We understand that the agricultural community is very busy. But we are going to mail our agricultural letters for Ag review soon. Included with the Ag letter is a map that corresponds to the letter.
Please complete and mail both back to the appraiser’s office as soon as possible.
We would also invite any who have questions or concerns to feel free to come to the mapping department in the lower level of the courthouse to discuss their land with mapping personnel. Sometimes a one-on-one discussion yields better results.
This will be the last article from this county appraiser. As some of you have heard, I will be leaving as of July 1. I have enjoyed my time here and will miss dealing with the citizens of Marion County.
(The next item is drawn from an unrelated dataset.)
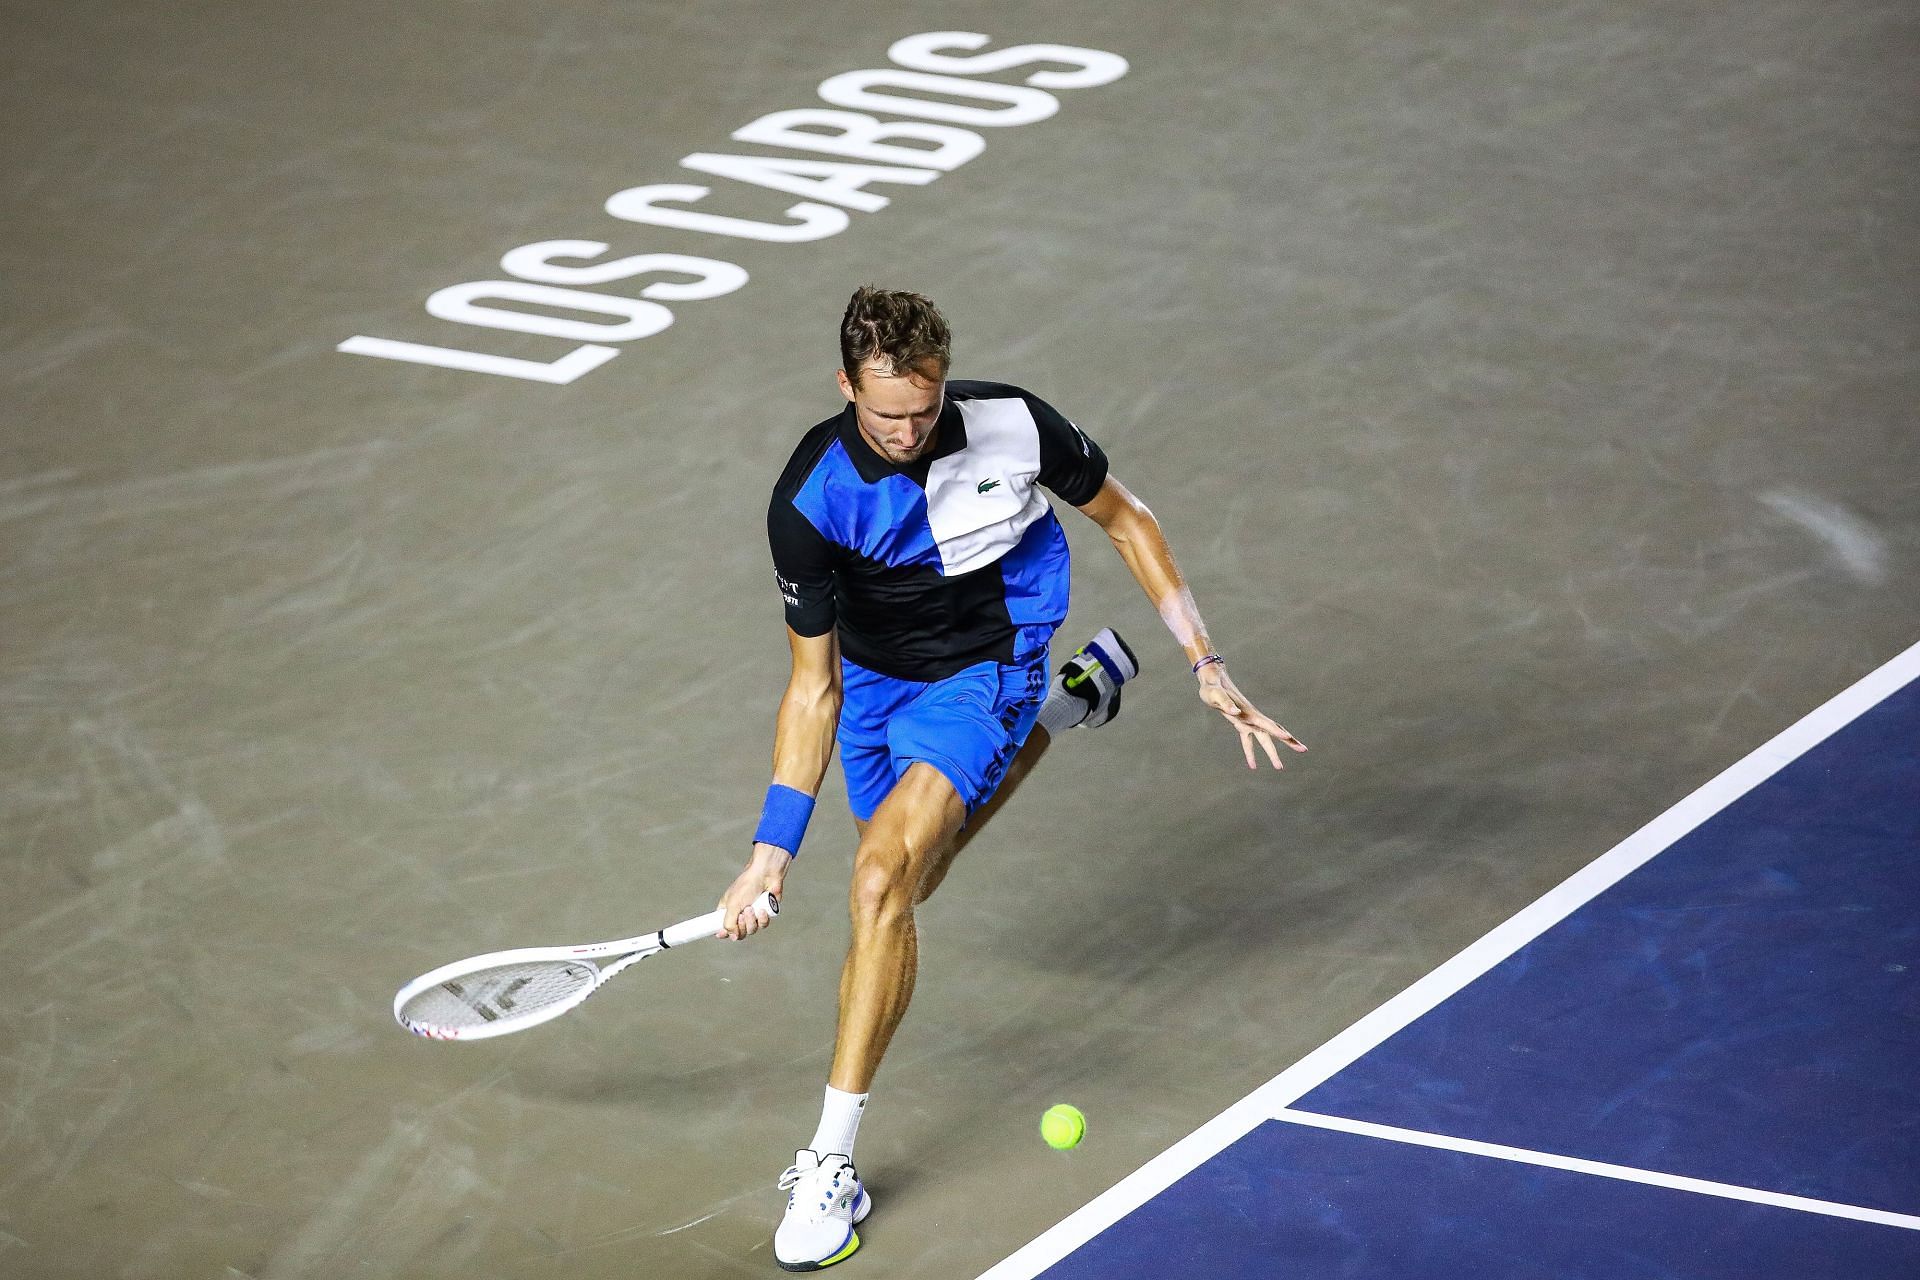 Medvedev in action at the Mifel ATP Los Cabos Open 2022

I am excited about my new challenge, but will miss all that Marion County has to offer. I leave you with some tidbits to remember.
n If you are going to open a new business, contact Robin in the Personal Property Dept. to discuss what you need to list as your personal property. If you are closing a business, my suggestion is that you close it before Dec. 31. If you wait until January, you will still be taxed for the entire year on the personal property you owned Jan. 1.
n When you get your real estate valuation notice in the spring, please take a look immediately as you have only 30 days to schedule an appeal. If you do not feel you can sell the property for that amount, please appeal the value at that time. You have the option to pay under protest at the end of the year, but it is better to appeal in the spring.
n If you own agricultural land and change the use of the land, please contact the appraiser’s office to let them know of the change. This will ensure the correct use on the property for valuation purposes. No change is too small or large to report.
n Finally, do not look at the appraiser’s office as an adversary, but rather an ally. Valuation is not an exact science but a difficult process. We are not perfect and do not expect to arrive at perfection. We try to do the best we can to make your value and taxes fair and equitable.
We understand that taxes are a part of life; we all have to pay them. It makes it easier to know that tax dollars pay for the things we expect to have in our communities: fire protection, law enforcement, 911 communications, roads and bridges, help for the elderly, ambulance services and public health care to name a few.
Cooperation makes it a little easier for all of us.